Morgan Stanley to Pay 249 Million in Block Trading Probe

Morgan Stanley to Pay $249 Million in Block Trading Probe – The New York Times

Morgan Stanley agreed to pay $249 million in penalties to resolve investigations by federal prosecutors and securities regulators into the company's practices in executing some large stock trades, authorities and the bank said Friday.

As part of the settlement, Morgan Stanley entered into a non-prosecution agreement with the government and will not be charged with criminal wrongdoing.

The investigation found that at least one employee of the bank misused confidential information related to so-called block trades of stocks by some of its customers, according to statements and filings released by federal prosecutors in Manhattan and the Securities and Exchange Commission. The behavior occurred from 2018 to 2021, authorities said.

Federal prosecutors said in a statement that Morgan Stanley neither discovered the fraudulent trading itself nor reported it to authorities. But prosecutors said they decided not to file criminal charges against Morgan Stanley because the bank had cooperated with the investigation and there was no evidence that the bank's management was aware of any wrongdoing.

However, prosecutors reached a deferred prosecution agreement with Pawan Passi, a former Morgan Stanley employee who oversaw most of the bank's block trading from 2018 to 2021. Prosecutors said Mr. Passi admitted to sharing confidential information about some clients' planned large stock trades with other investors so they could “trade ahead of the block sales.”

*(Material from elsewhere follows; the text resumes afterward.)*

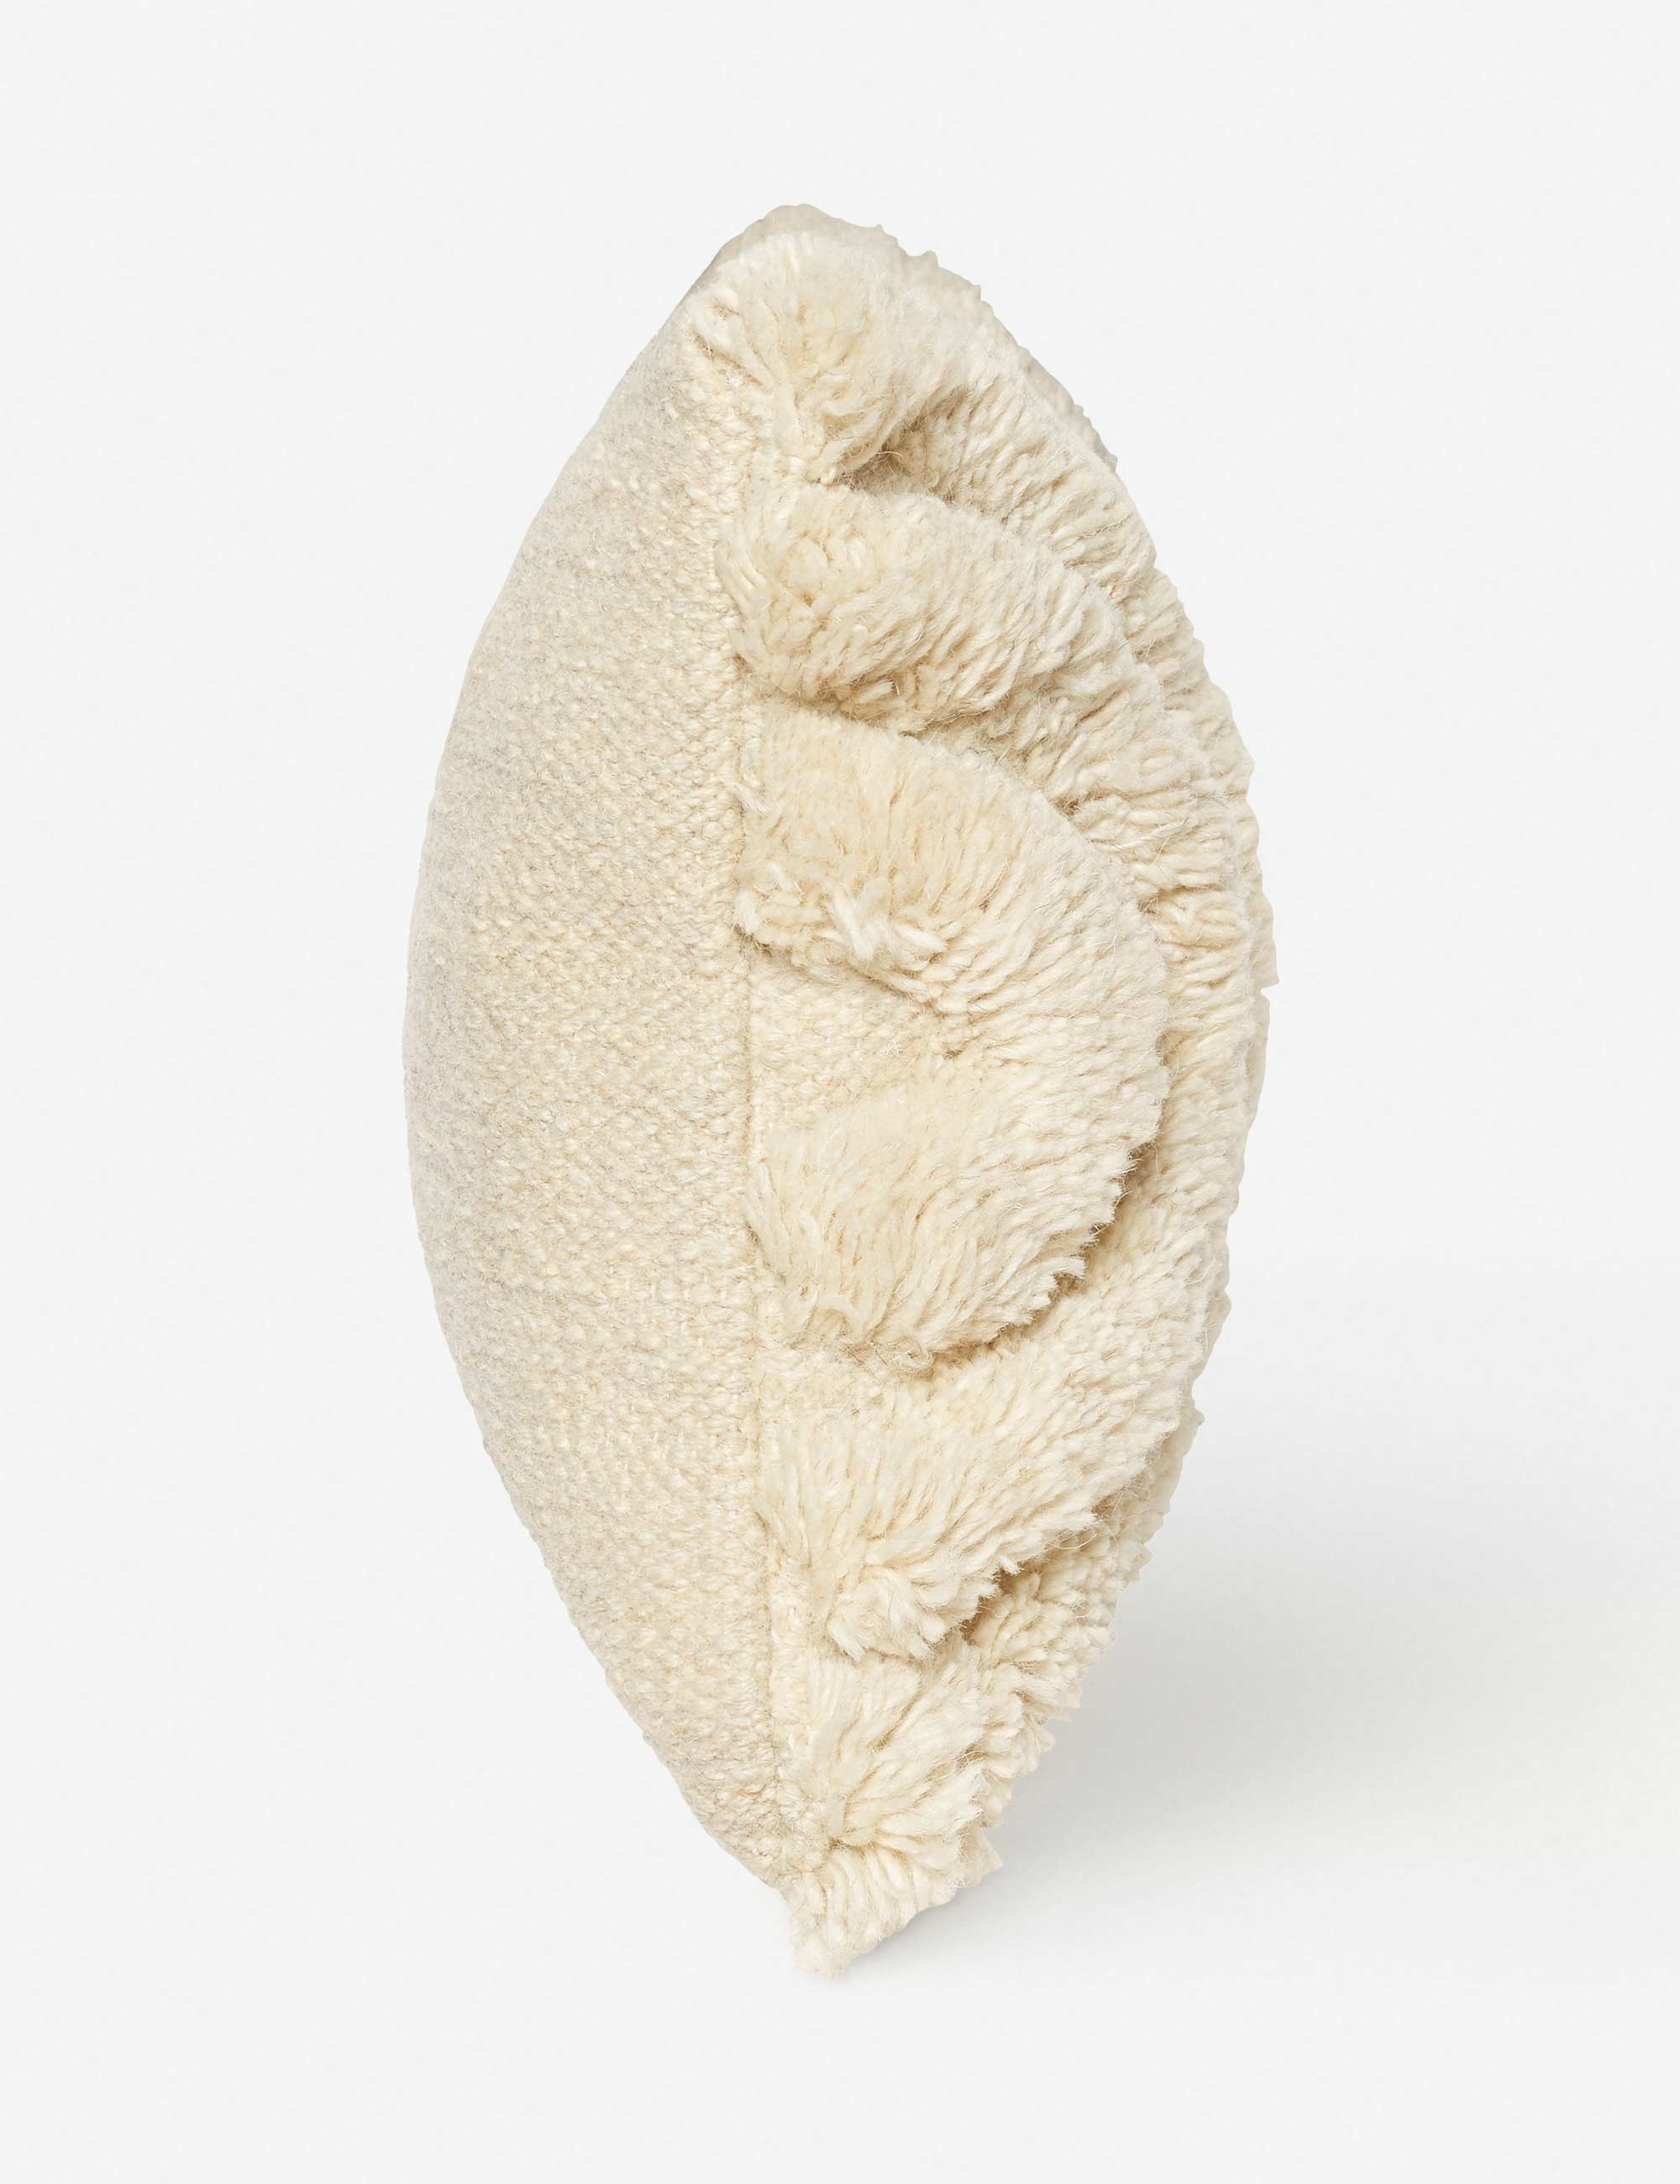 Arches Lumbar Pillow, Natural By Sarah Sherman Samuel - Image 4

Block trades are large enough to influence stock prices, and prior knowledge of these trades can be beneficial to traders, especially hedge funds.

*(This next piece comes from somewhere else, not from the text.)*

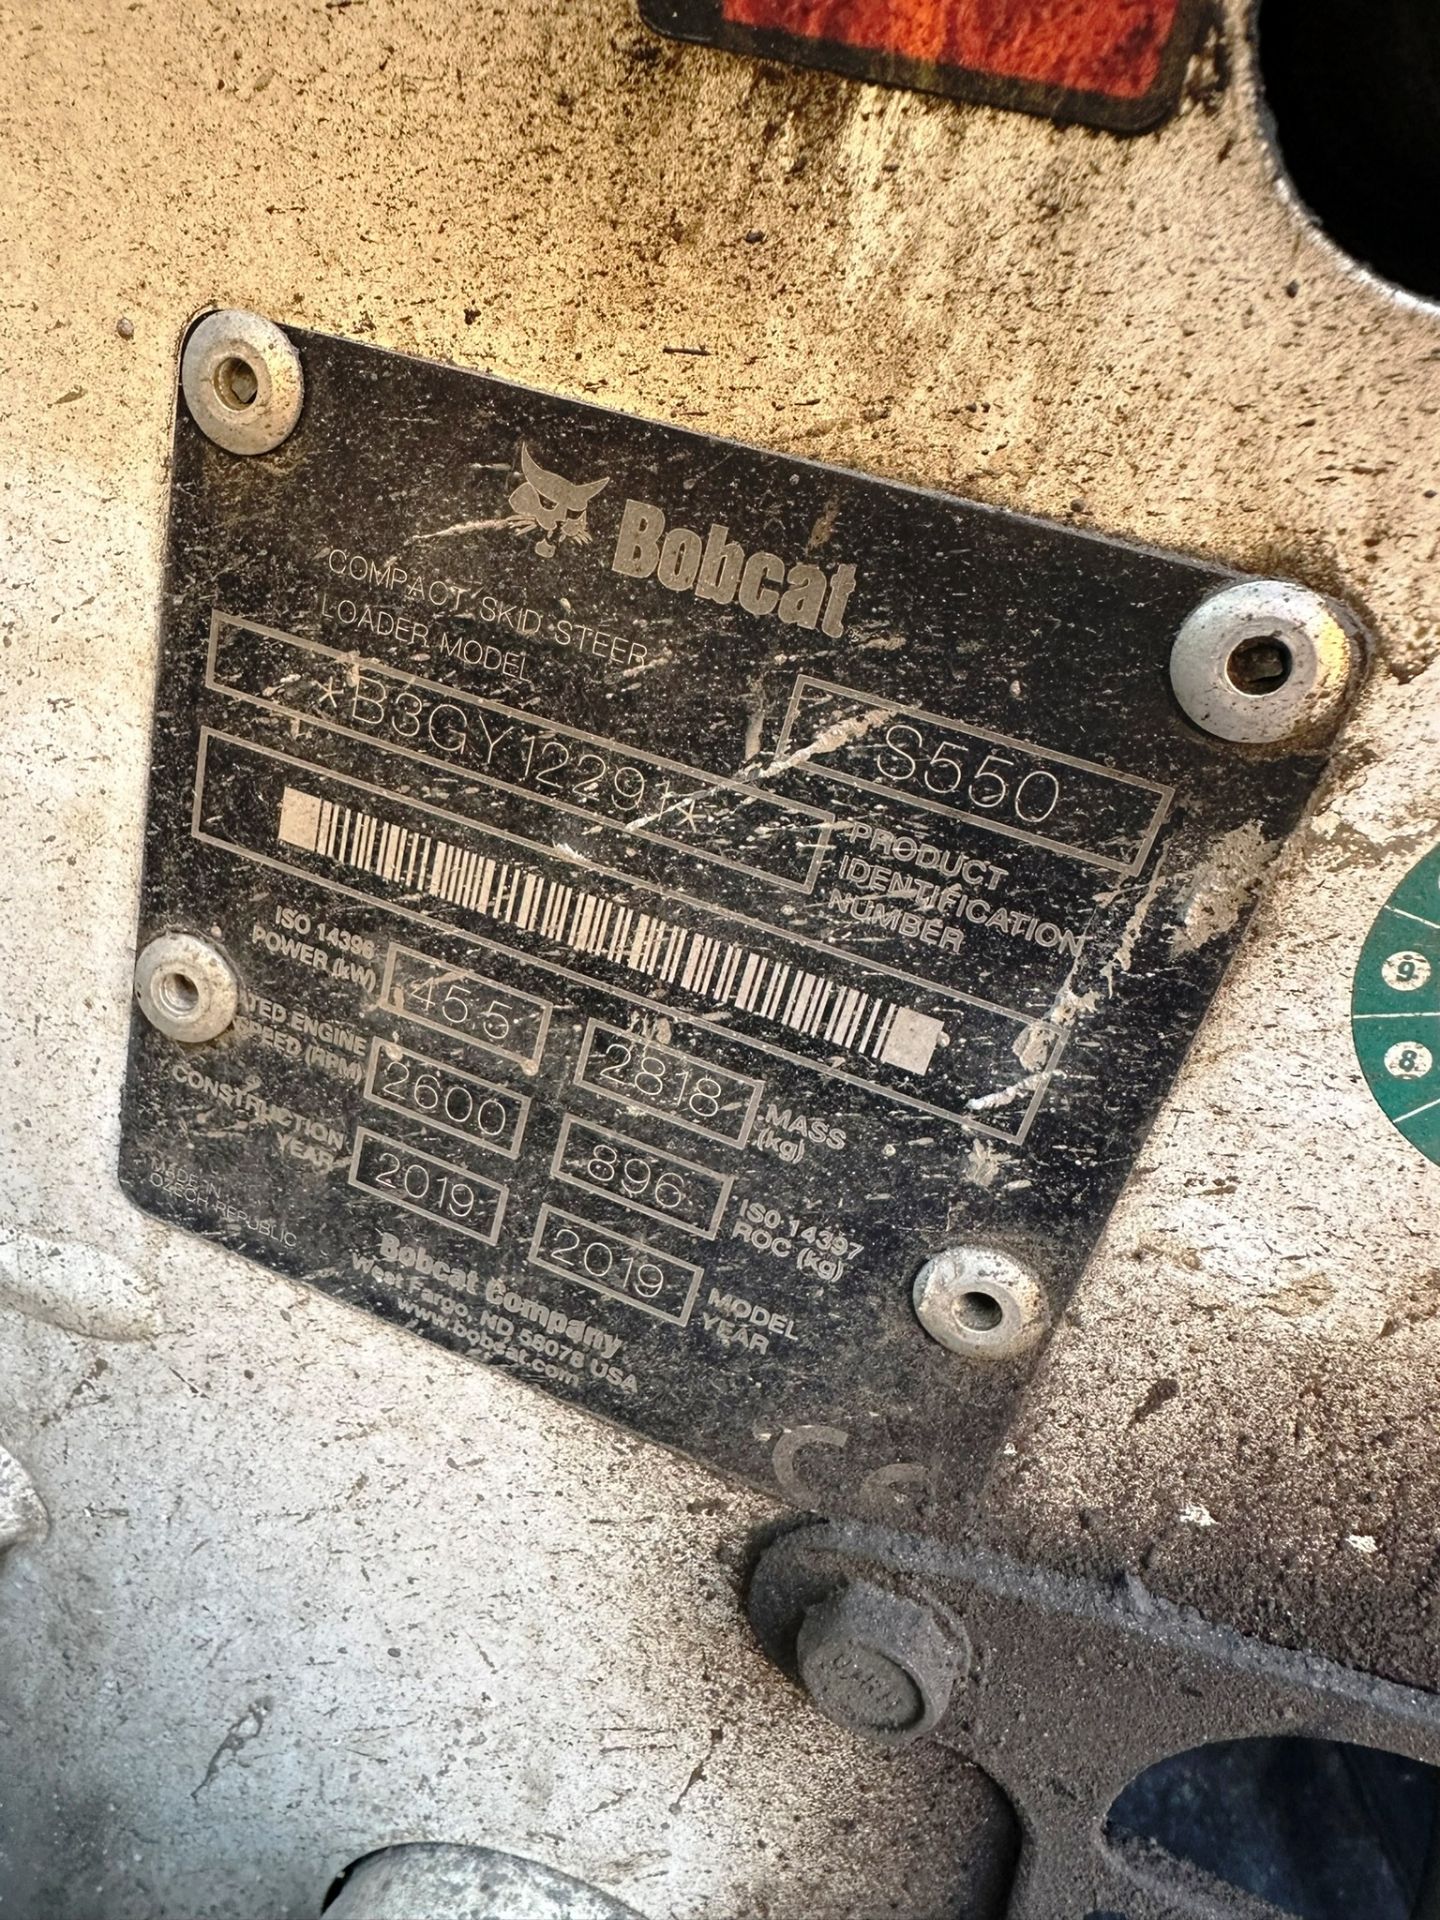 Bobcat S550 Skidsteer Loader | YOM: 2019 | Hours: 169 - Bild 6 aus 16

SEC Chairman Gary Gensler said in a statement that Morgan Stanley profited from misuse of confidential customer information by “using it to position itself ahead of these trades.” The regulator also said that investors who received the confidential trading information took short positions ahead of these large stock sales in anticipation of a falling stock price.

In fact, the securities regulator said the Wall Street bank had been prioritizing the clients for whom it processed block trade sales, even though the SEC did not use that language in the cease-and-desist order approved by Morgan Stanley with the SEC

The SEC said in one case, a Morgan Stanley employee spoke with a trader at a hedge fund's London office about a block trade in shares of Invitation Homes, a single-family home rental company. The hedge fund trader then shorted shares of Invitation Homes.

Mr. Passi, who was charged with securities fraud, appeared before a U.S. judge on Friday morning, who agreed to a deferred prosecution agreement. Under the agreement, criminal charges against Mr. Passi will be dismissed in about six months if he complies with the terms.

“Morgan Stanley misled customers through the head of its block trades business, Pawan Passi,” said Damian Williams, U.S. Attorney for the Southern District of New York. “Although many factors worked in Morgan Stanley's favor, including extraordinary cooperation and remedial action, the misconduct was not discovered and voluntarily disclosed.”

Morgan Stanley said in a statement that it was “pleased to complete these investigations,” adding that it had already “enhanced our controls around block trading.”

George Canellos, a lawyer for Mr. Passi, said in a statement: “We are pleased that the U.S. Attorney's Office has agreed not to seek a criminal conviction for Mr. Passi in this complex matter.”

According to a brokerage industry report, Mr. Passi worked for Morgan Stanley for about a dozen years before the firm “fired” him due to the investigation.

The penalties imposed by federal prosecutors and the SEC against Morgan Stanley totaled just over $400 million. However, because the two settlements gave Morgan Stanley credit for overlapping payments, the total amount paid by the Wall Street firm is $249 million.

The Wall Street bank's collaboration included the introduction of remedial measures that included better training for employees and clearer guidelines for block trading.